DeSantis toured the site on April 4 and, in a press conference, stated that the wastewater discharged into Tampa Bay was not considered radioactive but did contain phosphorus and nitrogen. The worst-case scenario he described in the press conference was a 20 ft- high wave of contaminated water flooding the surrounding area and potentially destabilizing gypsum stacks that contain radioactive material. Officials said that once the situation has been resolved, they intend to permanently close the site, with the reservoirs drained, filled, and capped. If the contaminated water drains through leaks in the radioactive soil of which the stacks are made, however, that radioactive soil could be carried along with the water and issues arose regarding the condition of the plastic liners used in the stacks.

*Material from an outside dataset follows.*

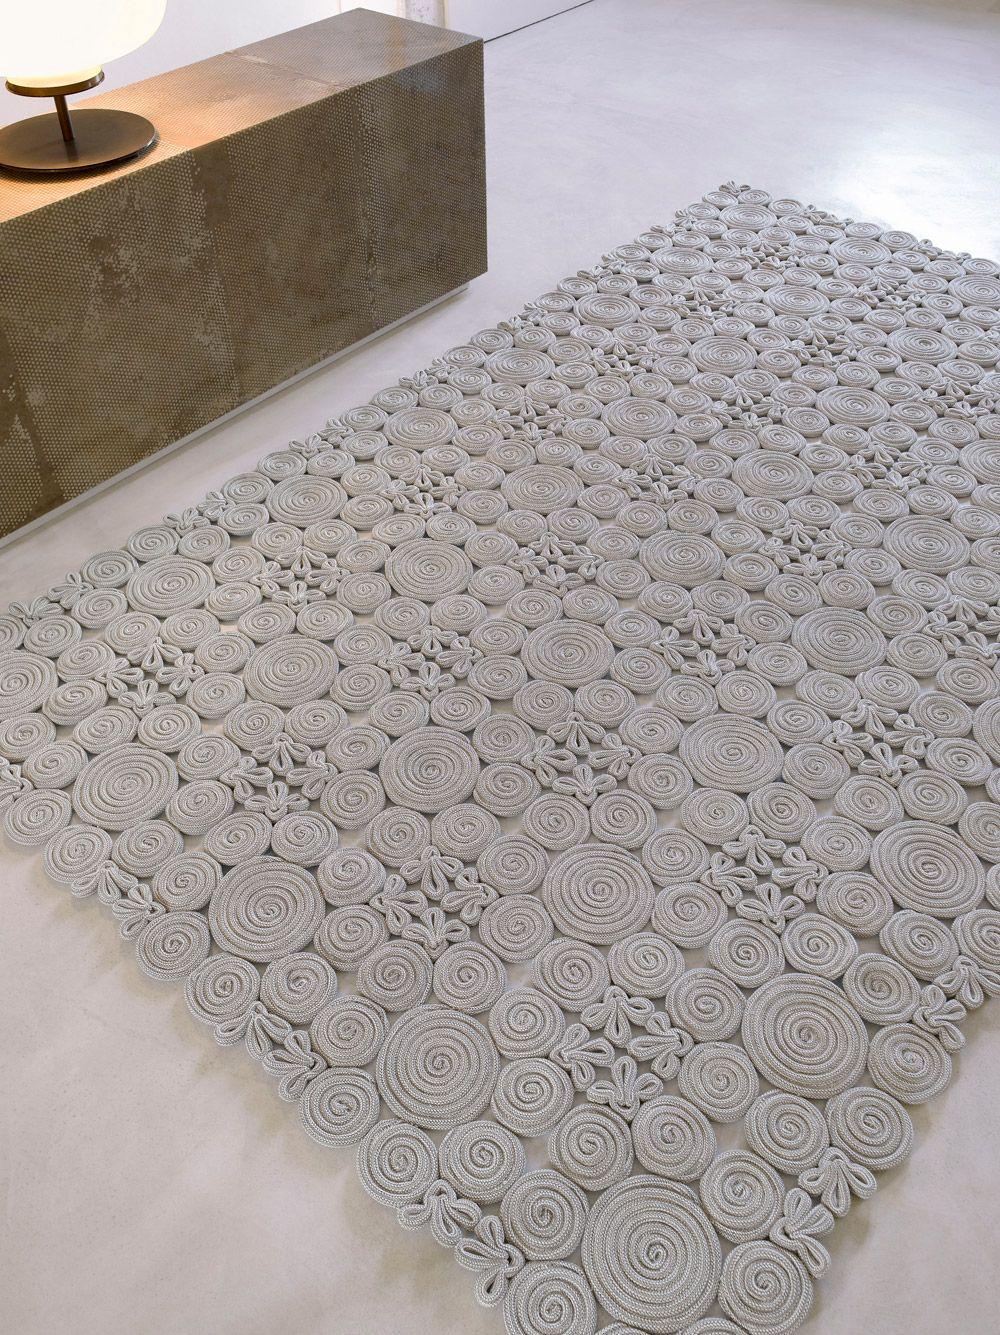 Spin - Paola Lenti | Rugs | Pinterest | Trapillo, Muster und Häkeln
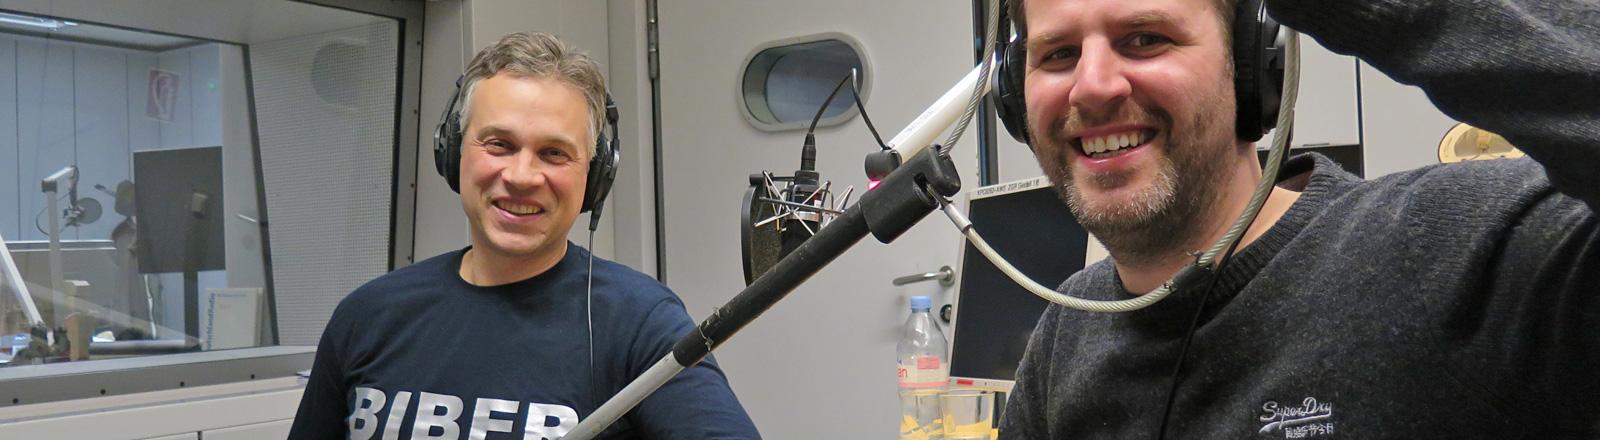 Der Tierretter Michael Schäfer sitzt im Studio. Er hält eine Schlinge vor den Kopf des Moderators.

The Manatee County commission voted to allow the contaminated water held in the stacks to be injected into deep wells, which had been banned when proposed previously by an owner of the property. Deep-well injection with contaminated water is a controversial procedure that could adversely affect the aquifer used for agricultural irrigation and drinking water, contaminating the water source.

Florida lawmakers secured $100 million to permanently close Piney Point and clean the site. In August, HRK Holdings LLC was sued by the Florida Department of Environmental Protection (FDEP) for failure to operate the site safely.